» **What you should do**: One exact copy of the listing is needed. It should contain no pictures.

» **Dataset section**:
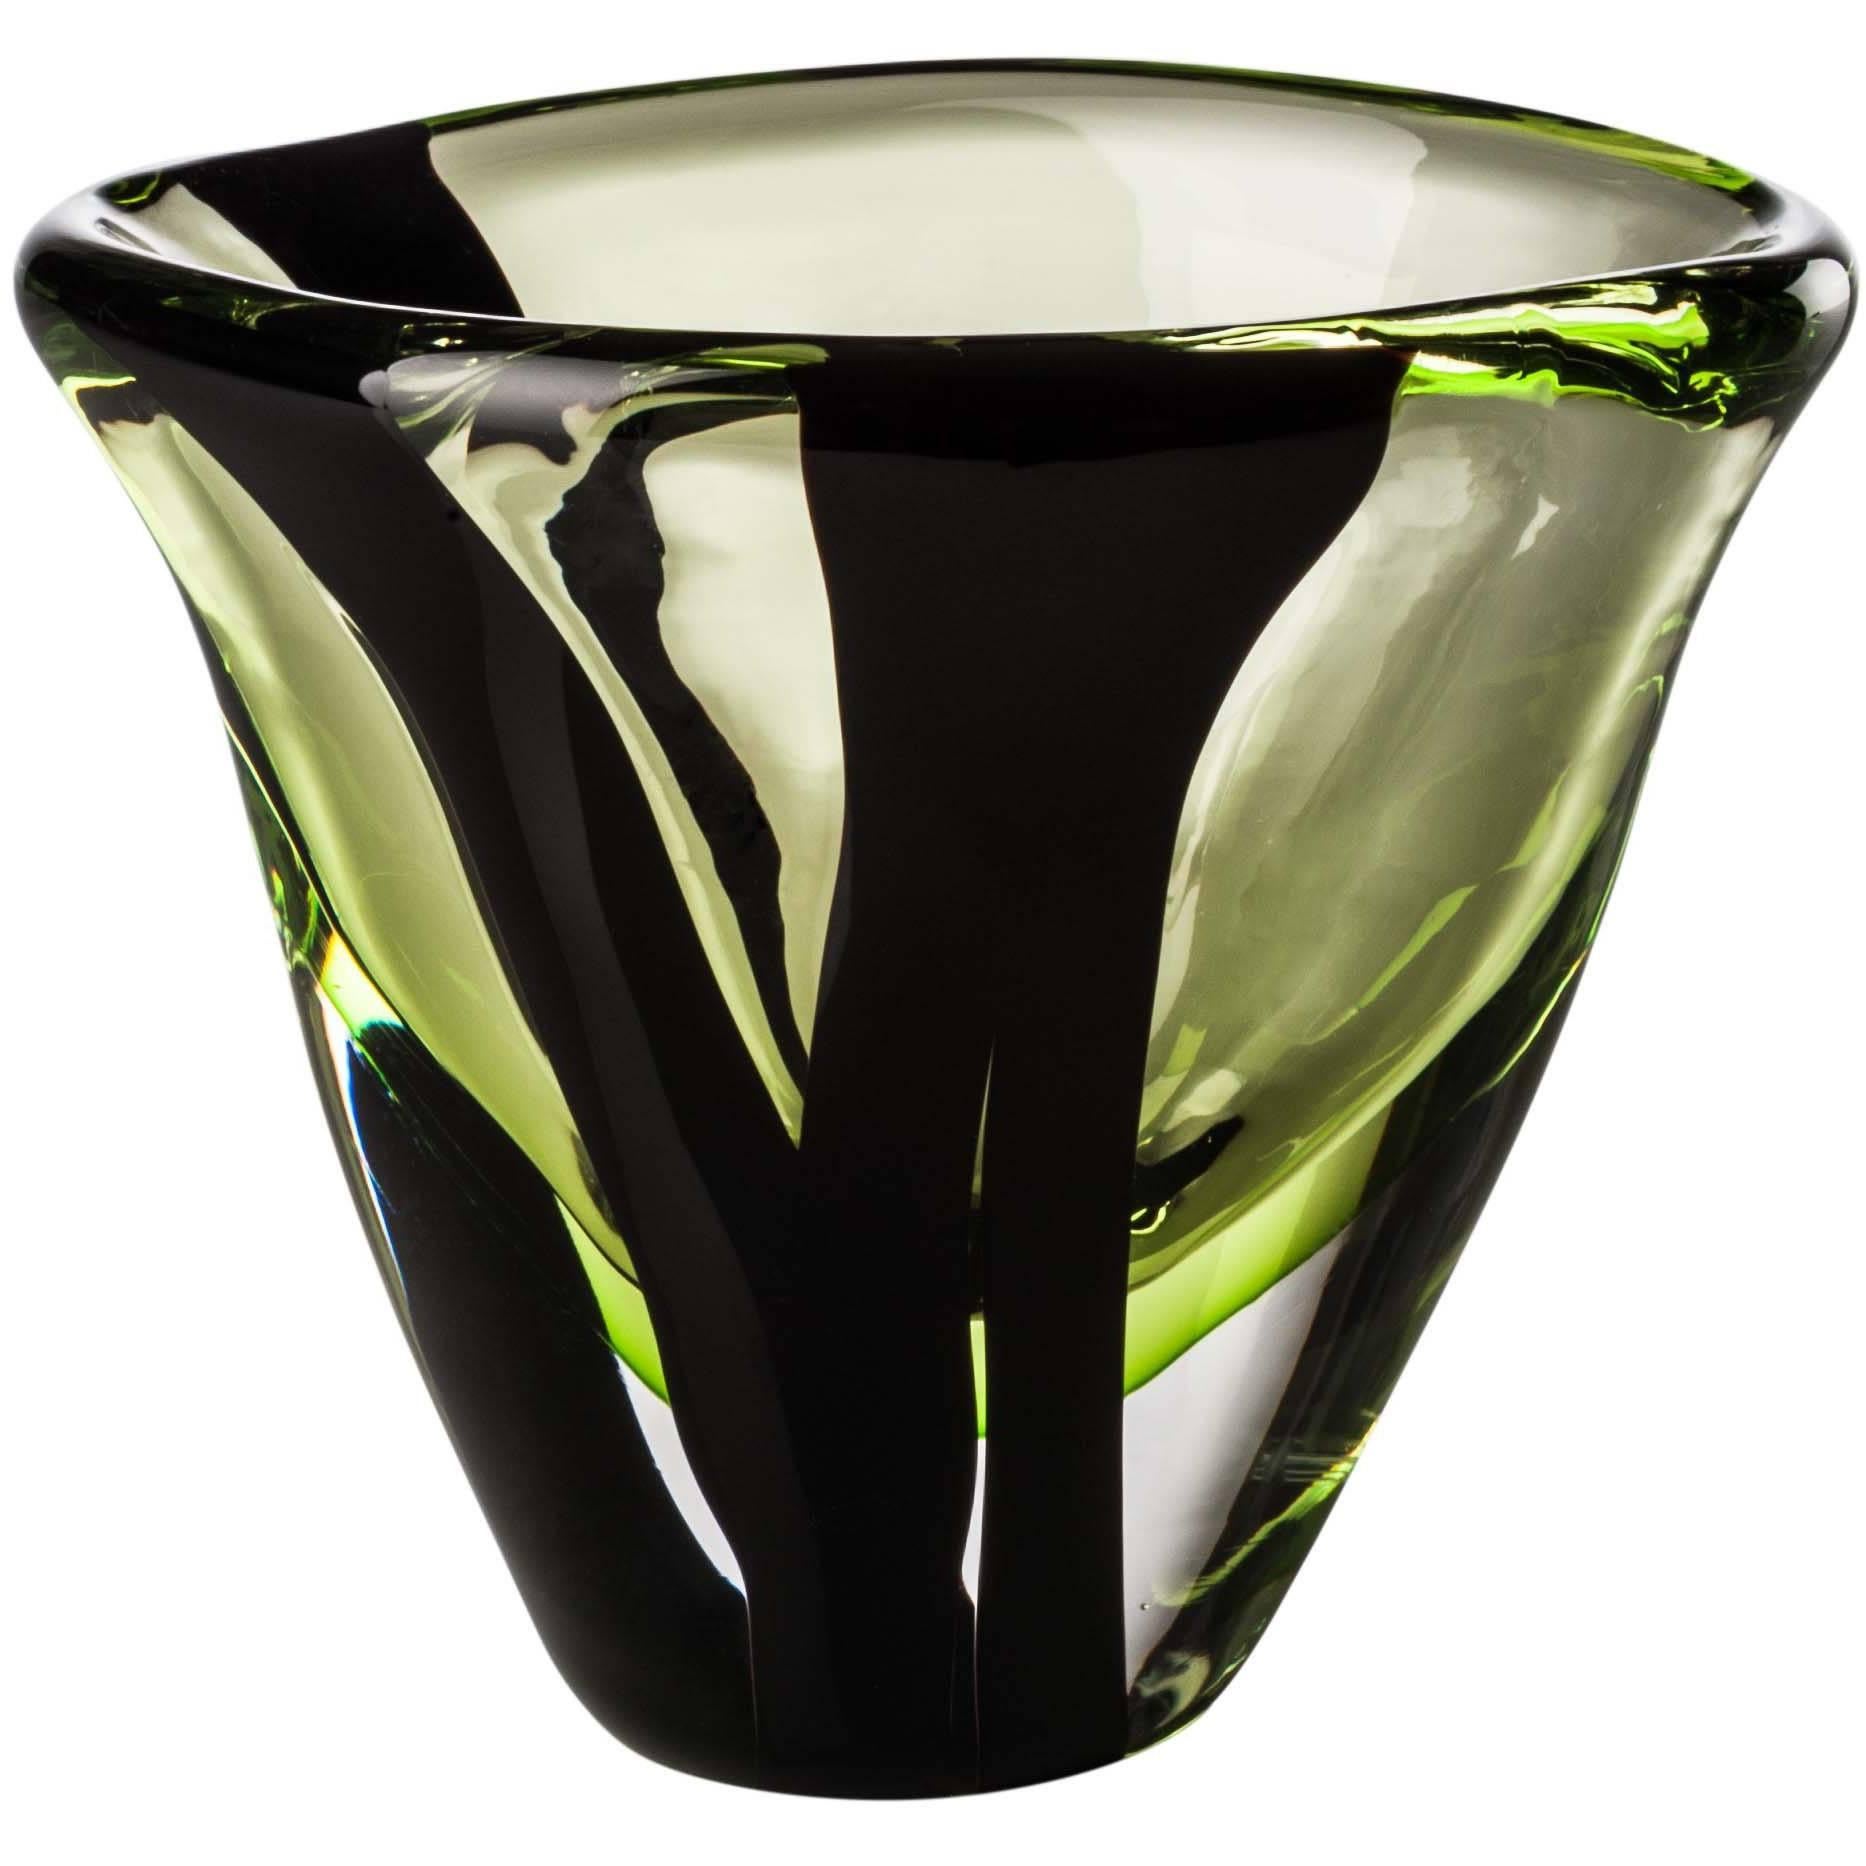 Extra-Small Ovale vase from the Black Belt Collection by Peter Marino & Venini For Sale
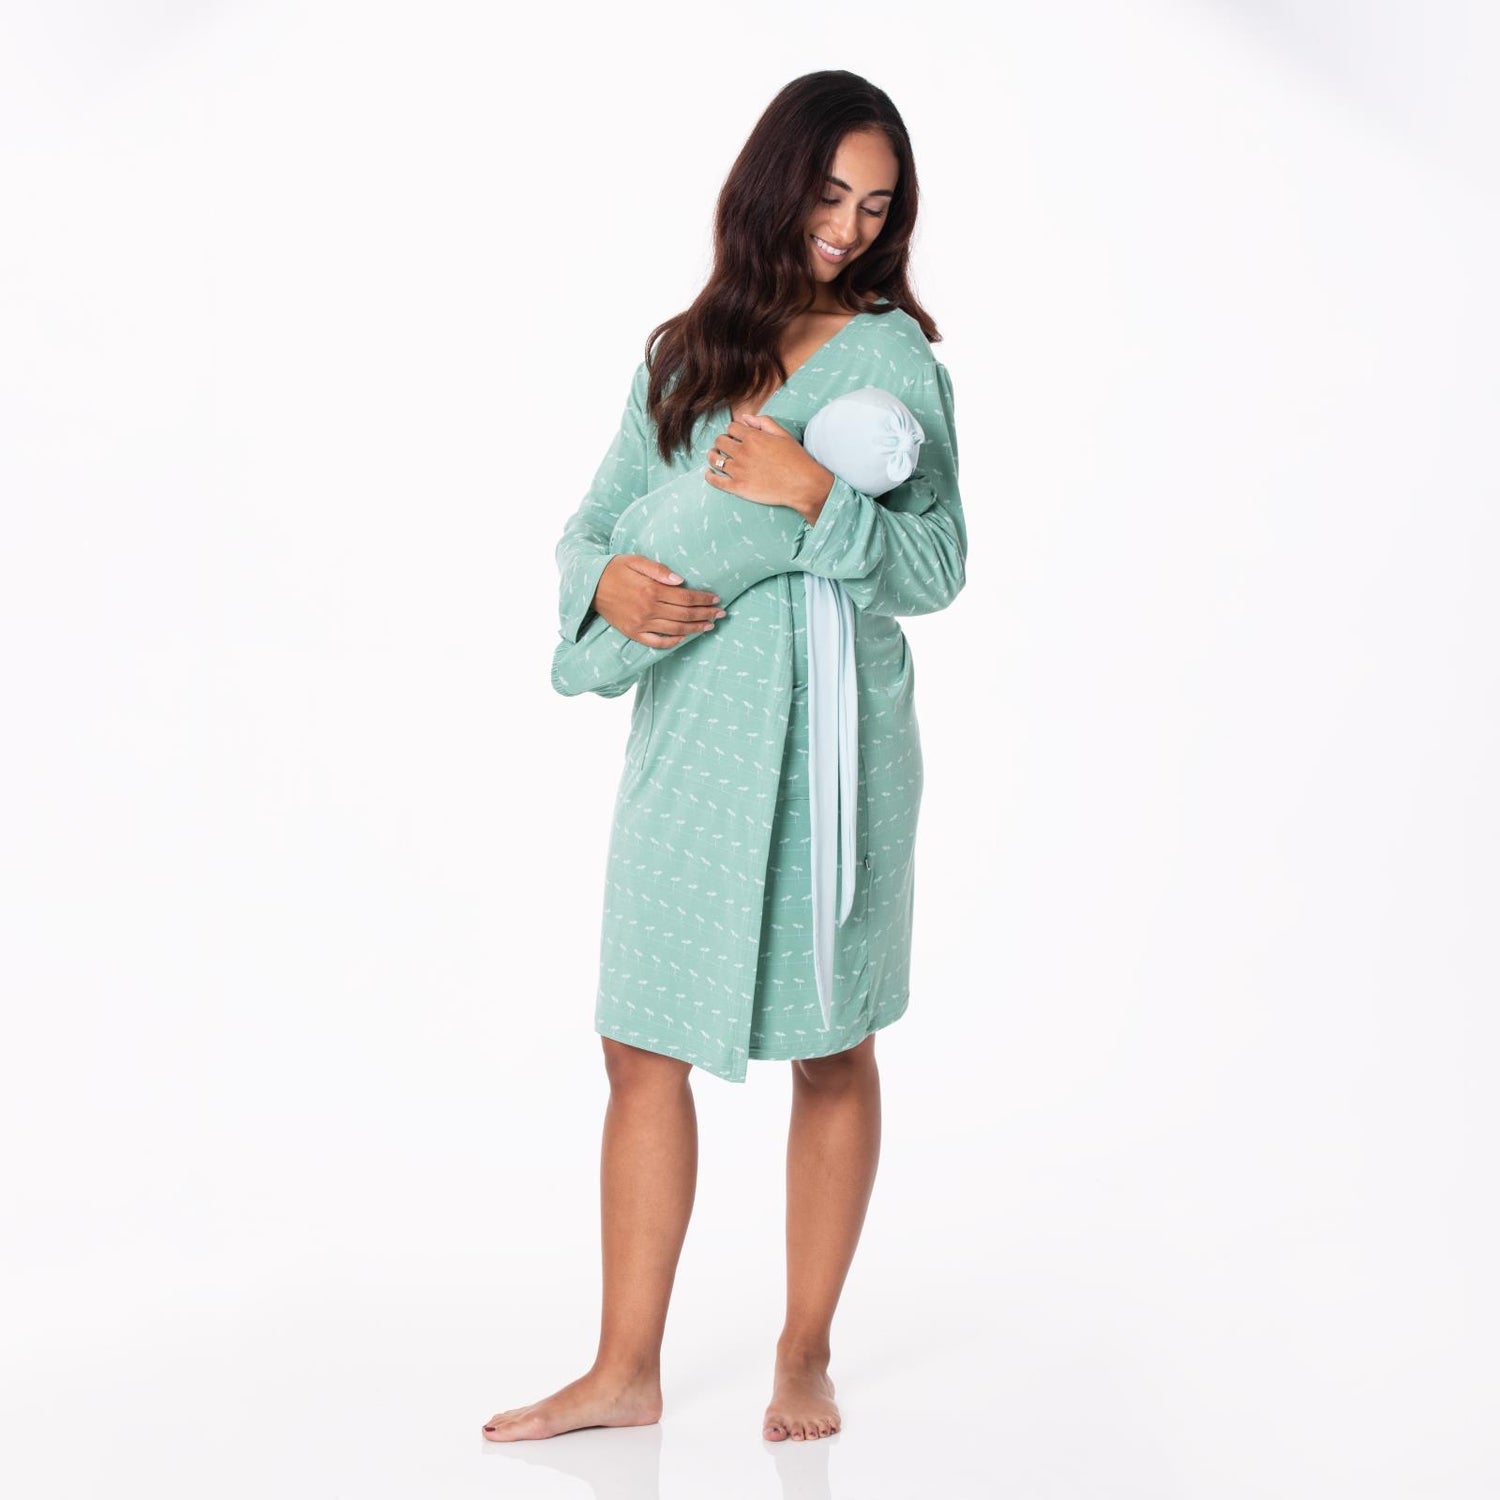 Women's Mid Length Lounge Robe & Layette Gown Set in Shore Sprouts
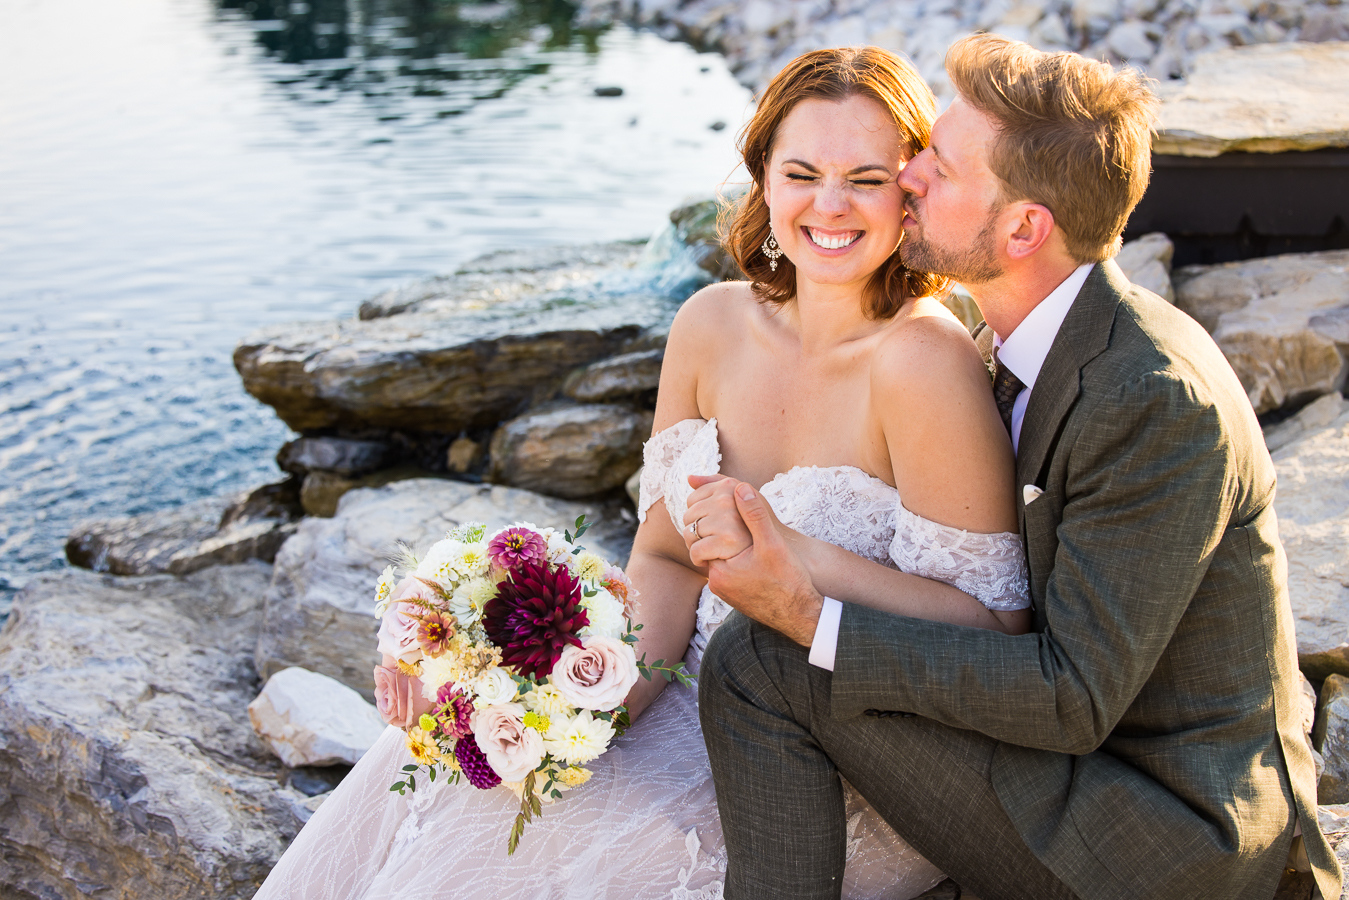 image of the bride and groom as they sit on the rocks near the vibrant blue pond and the groom kisses her on the cheek while they hold hands

» **Expected answer**:
 Extra-Small Ovale vase from the Black Belt Collection by Peter Marino & Venini For Sale
 Women's Mid Length Lounge Robe & Layette Gown Set in Shore Sprouts
 image of the bride and groom as they sit on the rocks near the vibrant blue pond and the groom kisses her on the cheek while they hold hands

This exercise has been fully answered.